What if they start to propolize this space, making it impossible for the bees to move upward? Have I trapped them to the living space of the bottom deep? Will they swarm?

Was putting so many top-bars in the langstroth bottom deep wrong? If so, what should I do to remediate???

Apologies if this isn't the right spot in the forum to post this question...Again, i'm one week in, any help appreciated. Thanks!


----------



## Rader Sidetrack (Nov 30, 2011)

> What if they start to propolize this space, making it impossible for the bees to move upward? Have I trapped them to the living space of the bottom deep?

An interesting situation. I'm sure you will get a variety of opinions! :lookout:

Since you have 7 of 8 bars already drawn, I'd add another box now. Move some of the existing comb/bars to the center of the new box, and fill in with new frames.


----------



## robherc (Mar 17, 2012)

bjwisbar said:


> ...The top-bar frames essentially create their own inner cover due to their width. With seven edge-to-edge top-bars (creating a tight inner cover) the only place bees have to move up to the medium supers is along side the one langstroth frame.
> 
> Maybe I'm over-thinking this, but am now wondering if I should have included more langstroths in the bottom deep, to increase the likelihood of and space for upward movement of the colony?


OK, first off, you haven't ruined anything yet....so take a breath or two, there's nothing remiss. 
With 7 full-width top bars & only 1 lang frame in a box, there *is* a likelihood that the bees may not move up into the next box due to the spacing between the lang frame and its neighboring top bar being only 1/2 of a bee space. That said, you're still working on your first box, so they don't yet *need* to go up. Whenever you add your 2nd box, to give the bees more space, simply make sure you pull at least 1 of the top bars from the lower box & move it to the upper box; then install a second lang frame next to the first one in the bottom box, creating at least 1 full-width bee space gap for the bees to move up & down through. That will keep you from creating an "inner cover" out of the top bars, and allow your bees to use the rest of the space (just be sure that a comb from one of the bars you moved up is near this bee space, so the bees will "see" it & use the space.

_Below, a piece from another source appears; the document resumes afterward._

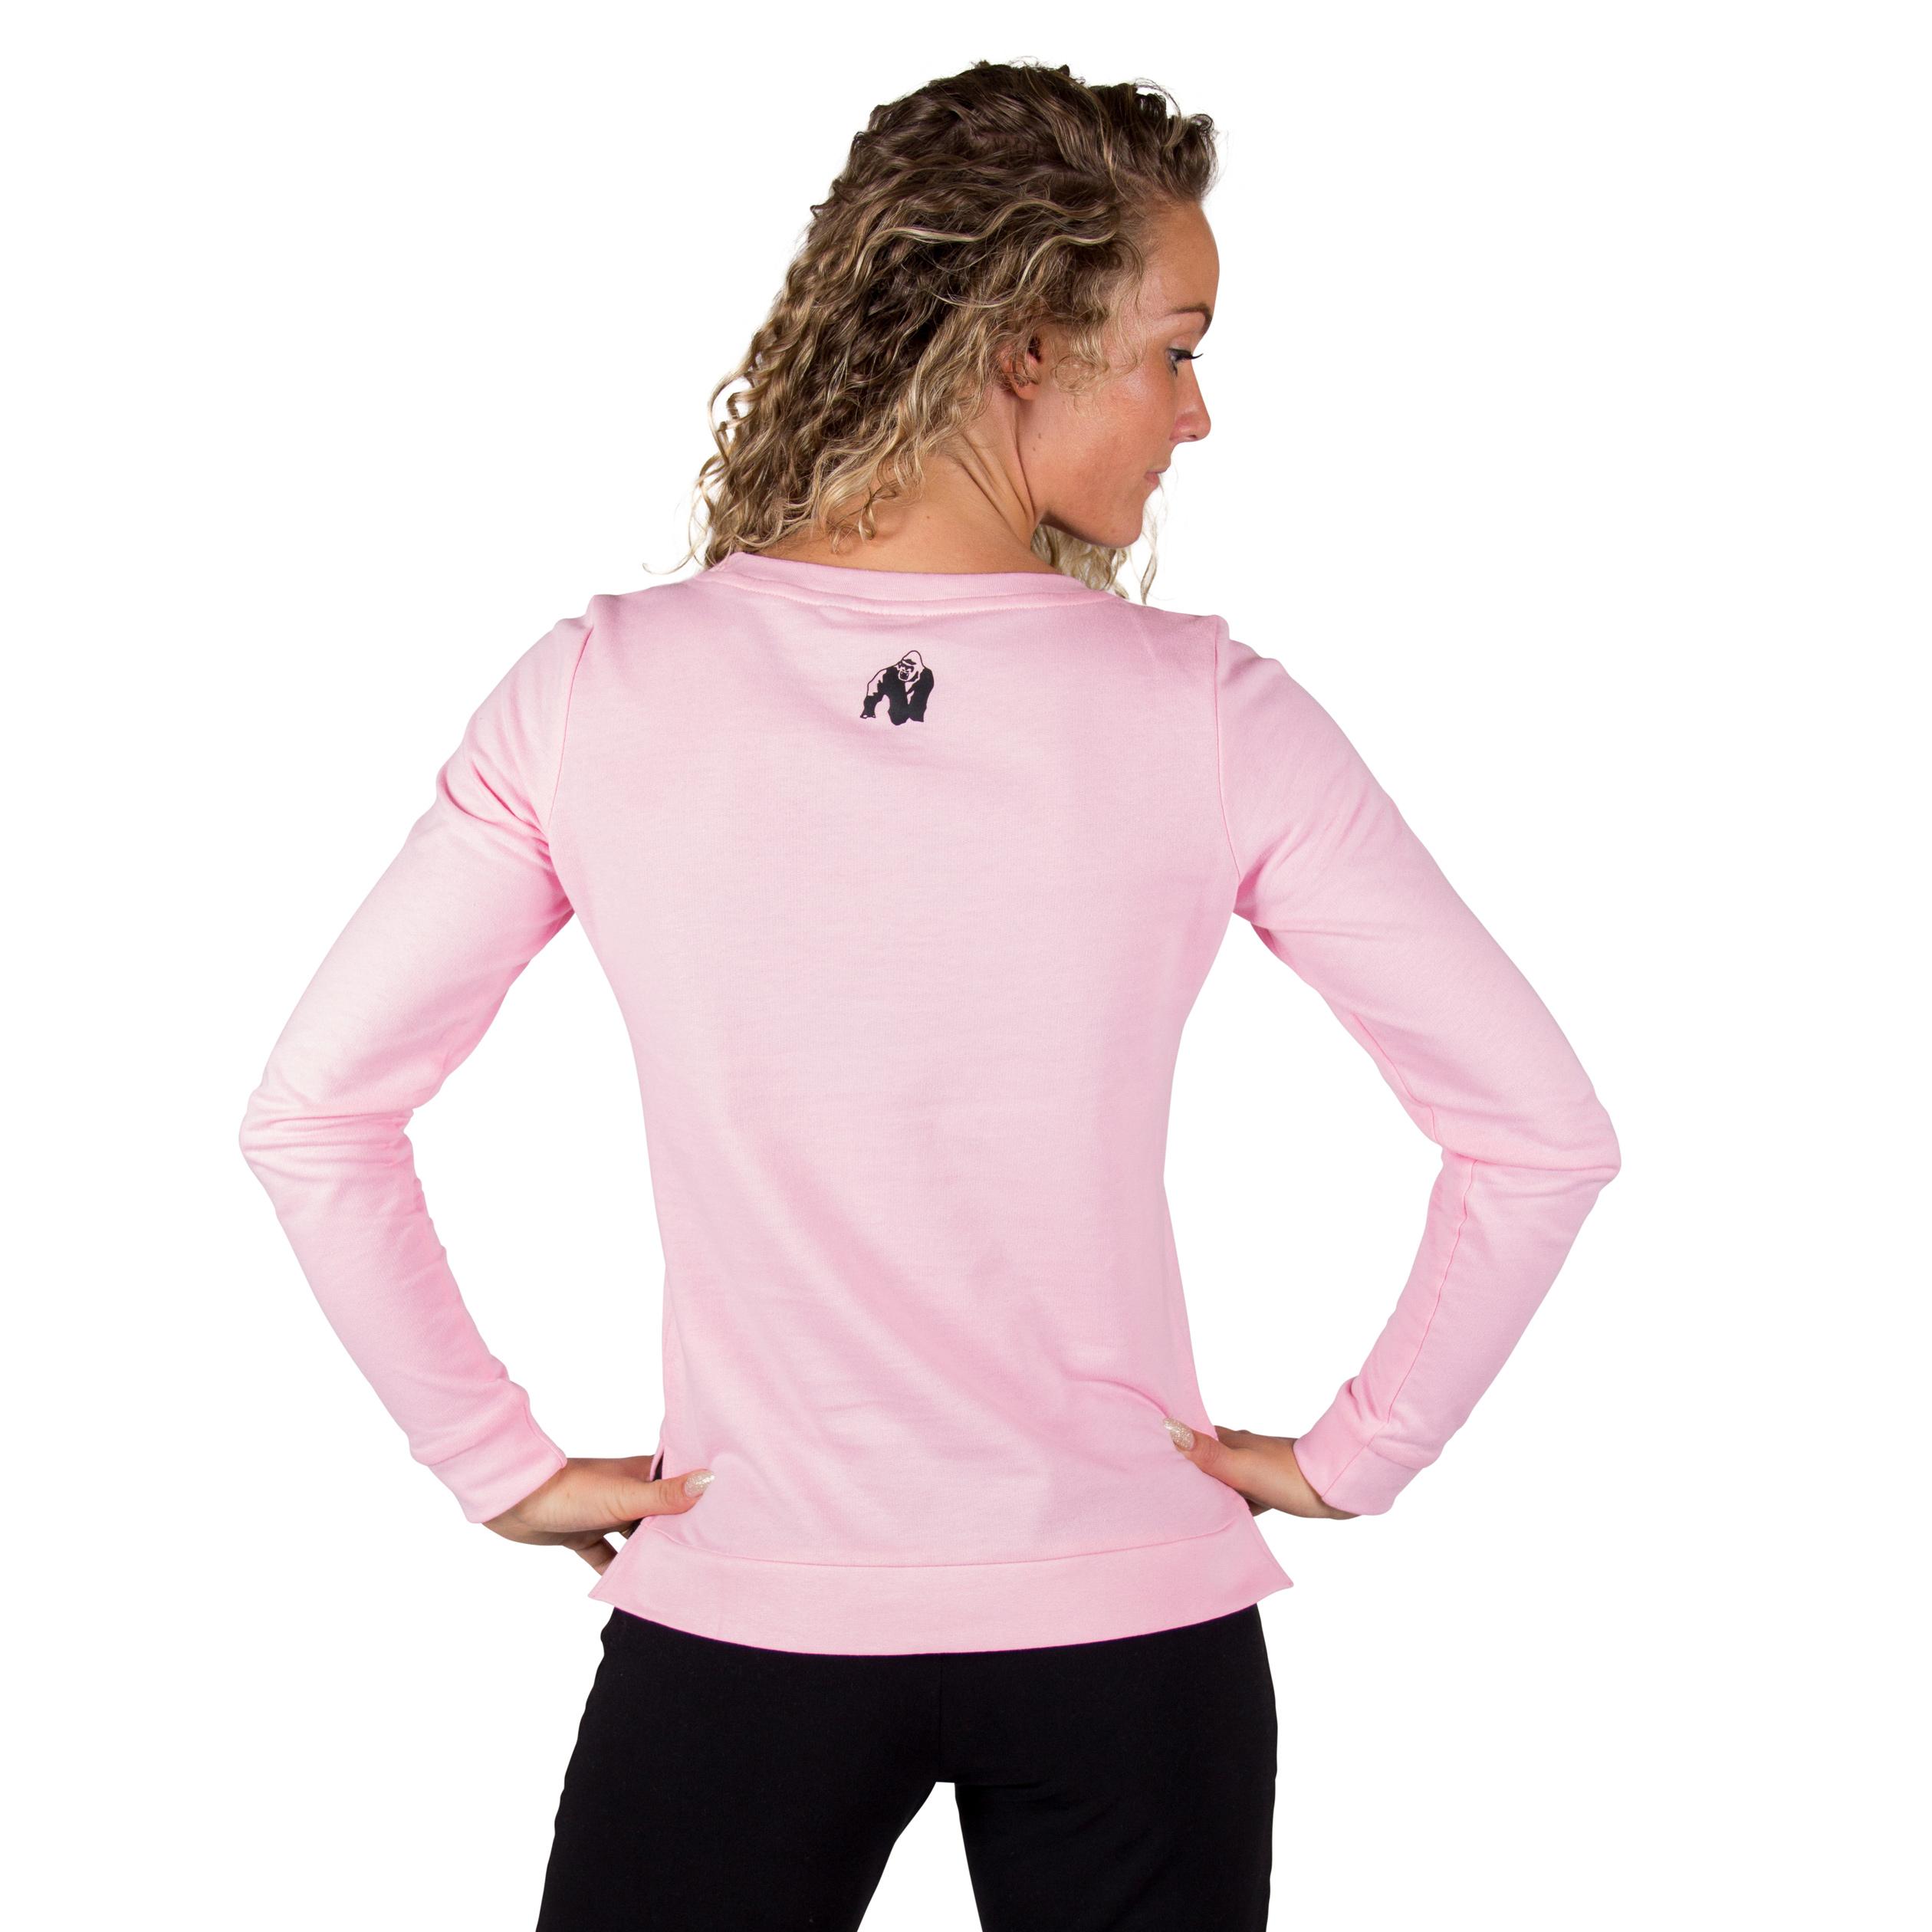 Dames Trui Roze.Fitness Trui Dames Riviera Roze Gorilla Wear Fitnesskledingshop Com

After that, the rest is entirely up to you, as that's all I believe you'll need to do to allow your bees to be successful. The rest, pretty much comes down to personal preference


----------



## bjwisbar (Mar 23, 2013)

thanks for the guidance, folks! another question related to this top bar situation...i've got one deep and two mediums. the drawn comb on the top bars I have in the deep is too long to fit in a medium super without trimming it (and sacrificing good brood, etc). 

what are the implications of putting a medium w/empty langstroths beneath the deep, to give the bees more space? I believe the general bee inclination is to move upward when expanding, but in absence of anything else, would they move downward if there was nowhere else to go?

I know this probably not something a one-week beekeeper should attempt, but am curious about what would happen. or should I just get another deep to put on top of the current one and move some of the top bar frames like you guys suggest?


----------



## Joseph Clemens (Feb 12, 2005)

What I've done, since I have a few deeps and don't really want any more, is to create a few three inch tall expansion rims. I can put one of these below any medium and bingo it's the same depth as a deep super.


----------



## Slow Modem (Oct 6, 2011)

have you thought about cutting the comb off of the top bars and putting it into frames? If you're going to use langstroth, that might be the best way to go in the long run.


----------



## bjwisbar (Mar 23, 2013)

I like that idea, but...sounds pretty involved! I'm only one week in to having bees, and am still getting my legs under me. I'll look it up online, but any reputable resources or simple trusted tutorials would be appreciated!


----------



## robherc (Mar 17, 2012)

bjwisbar said:


> what are the implications of putting a medium w/empty langstroths beneath the deep, to give the bees more space? I believe the general bee inclination is to move upward when expanding, but in absence of anything else, would they move downward if there was nowhere else to go?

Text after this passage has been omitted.